- [DATA SHOWN]
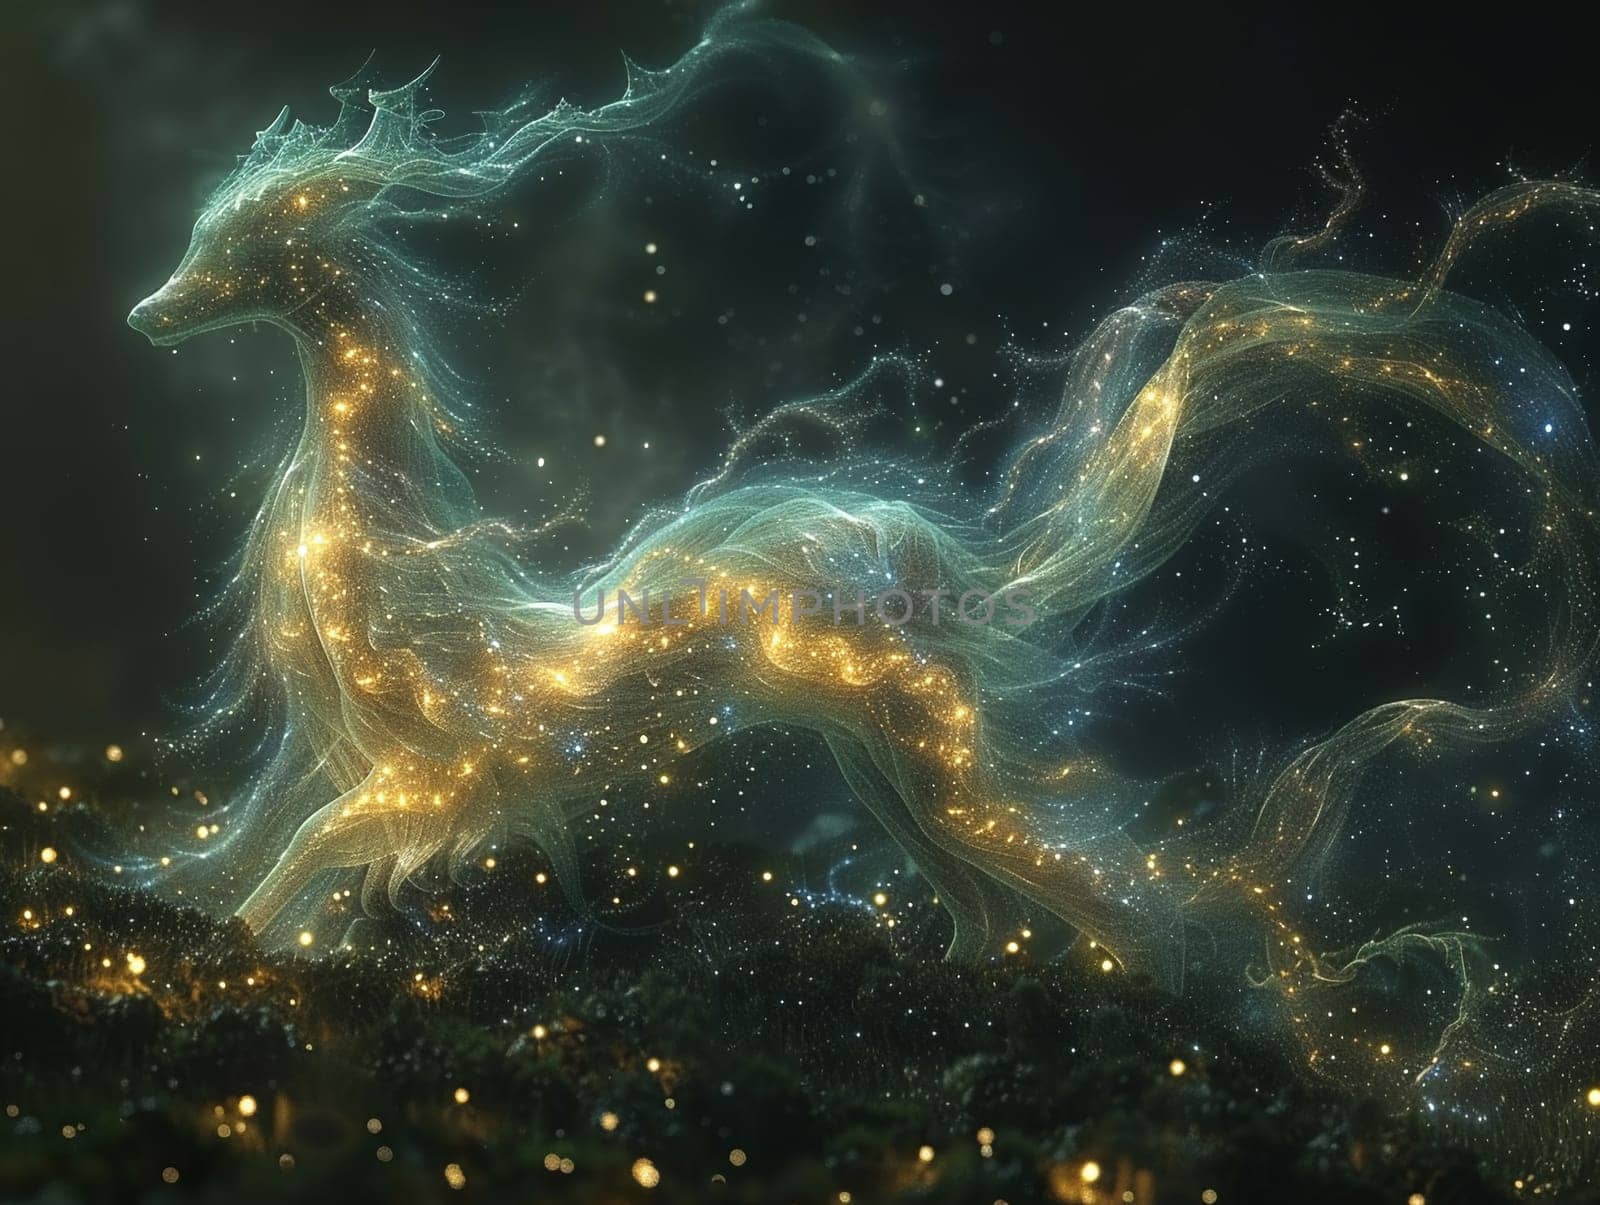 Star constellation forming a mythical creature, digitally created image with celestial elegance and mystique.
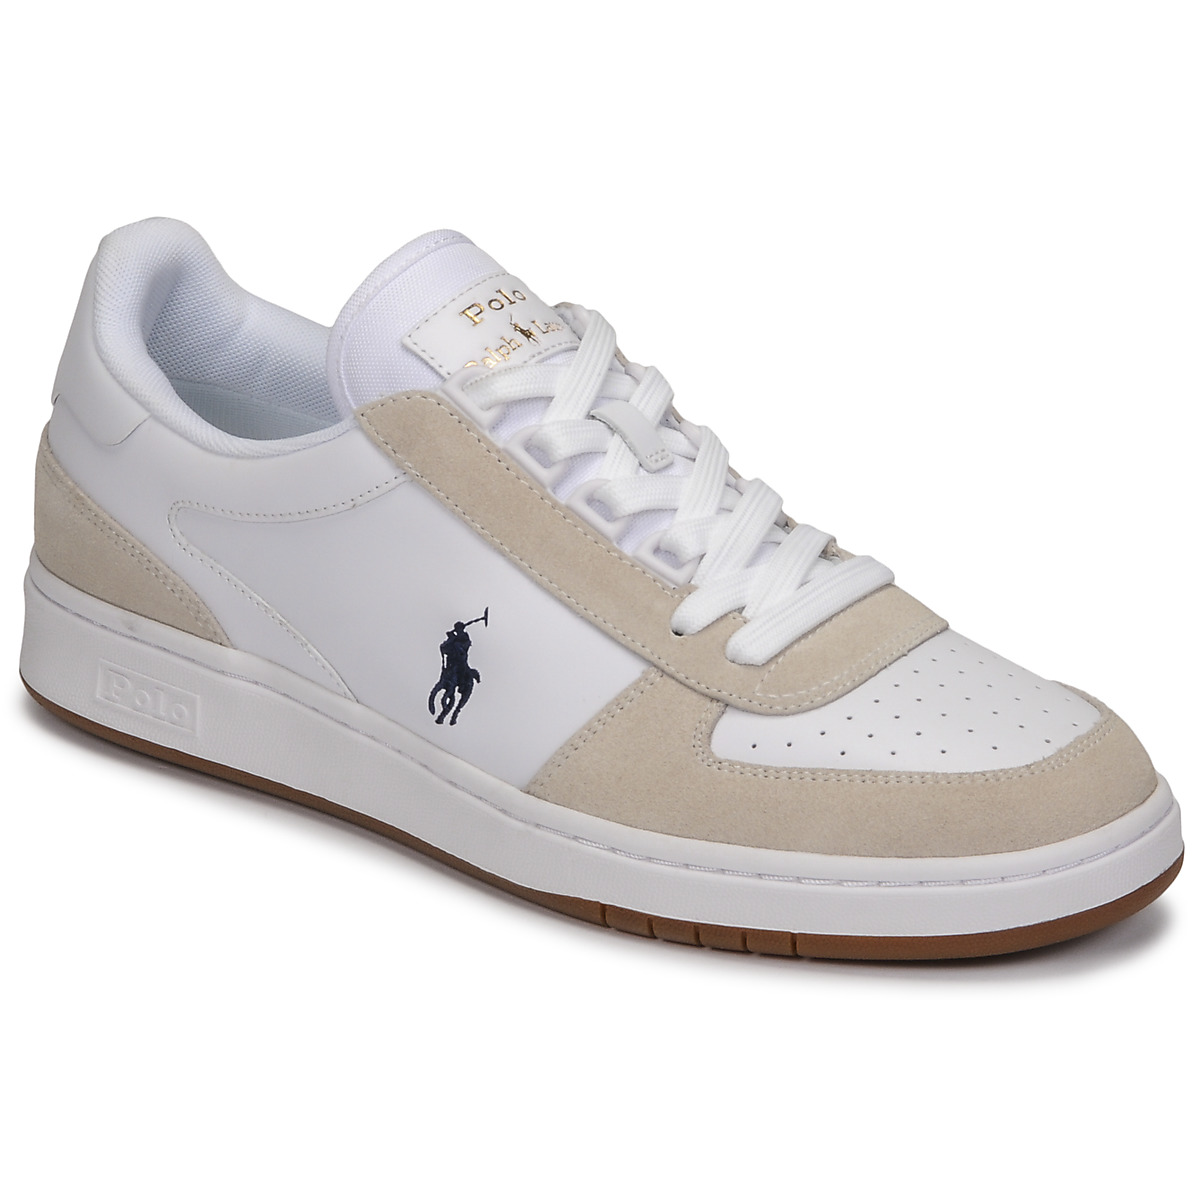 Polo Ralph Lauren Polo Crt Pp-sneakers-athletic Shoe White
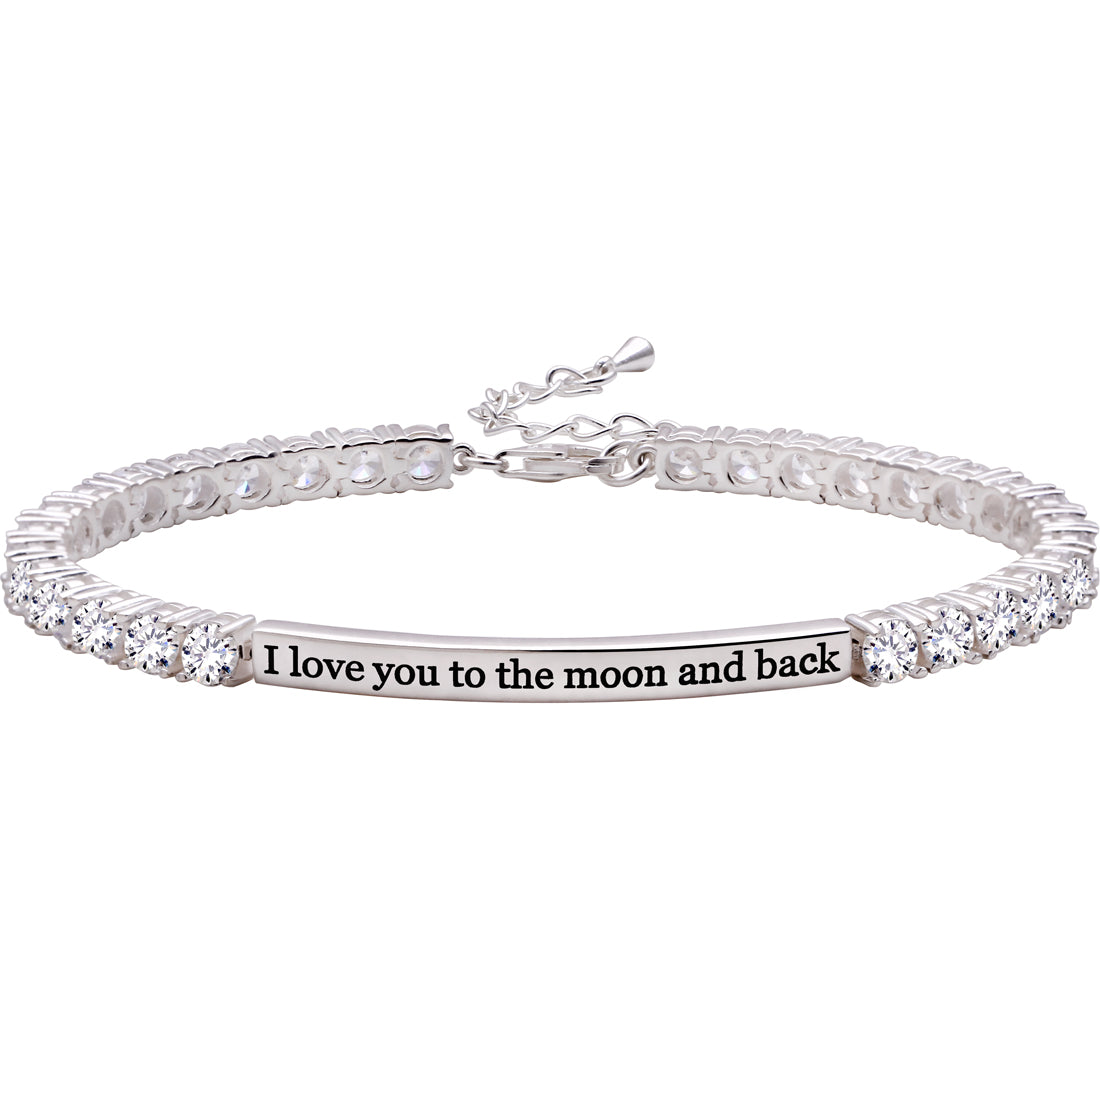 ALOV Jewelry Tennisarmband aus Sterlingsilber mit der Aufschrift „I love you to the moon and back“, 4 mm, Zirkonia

- [EXERCISE DESCRIPTION] Please give the data again in full, exactly as written, but without any images.

- [SOLUTION]
 Star constellation forming a mythical creature, digitally created image with celestial elegance and mystique.
 Polo Ralph Lauren Polo Crt Pp-sneakers-athletic Shoe White
 ALOV Jewelry Tennisarmband aus Sterlingsilber mit der Aufschrift „I love you to the moon and back“, 4 mm, Zirkonia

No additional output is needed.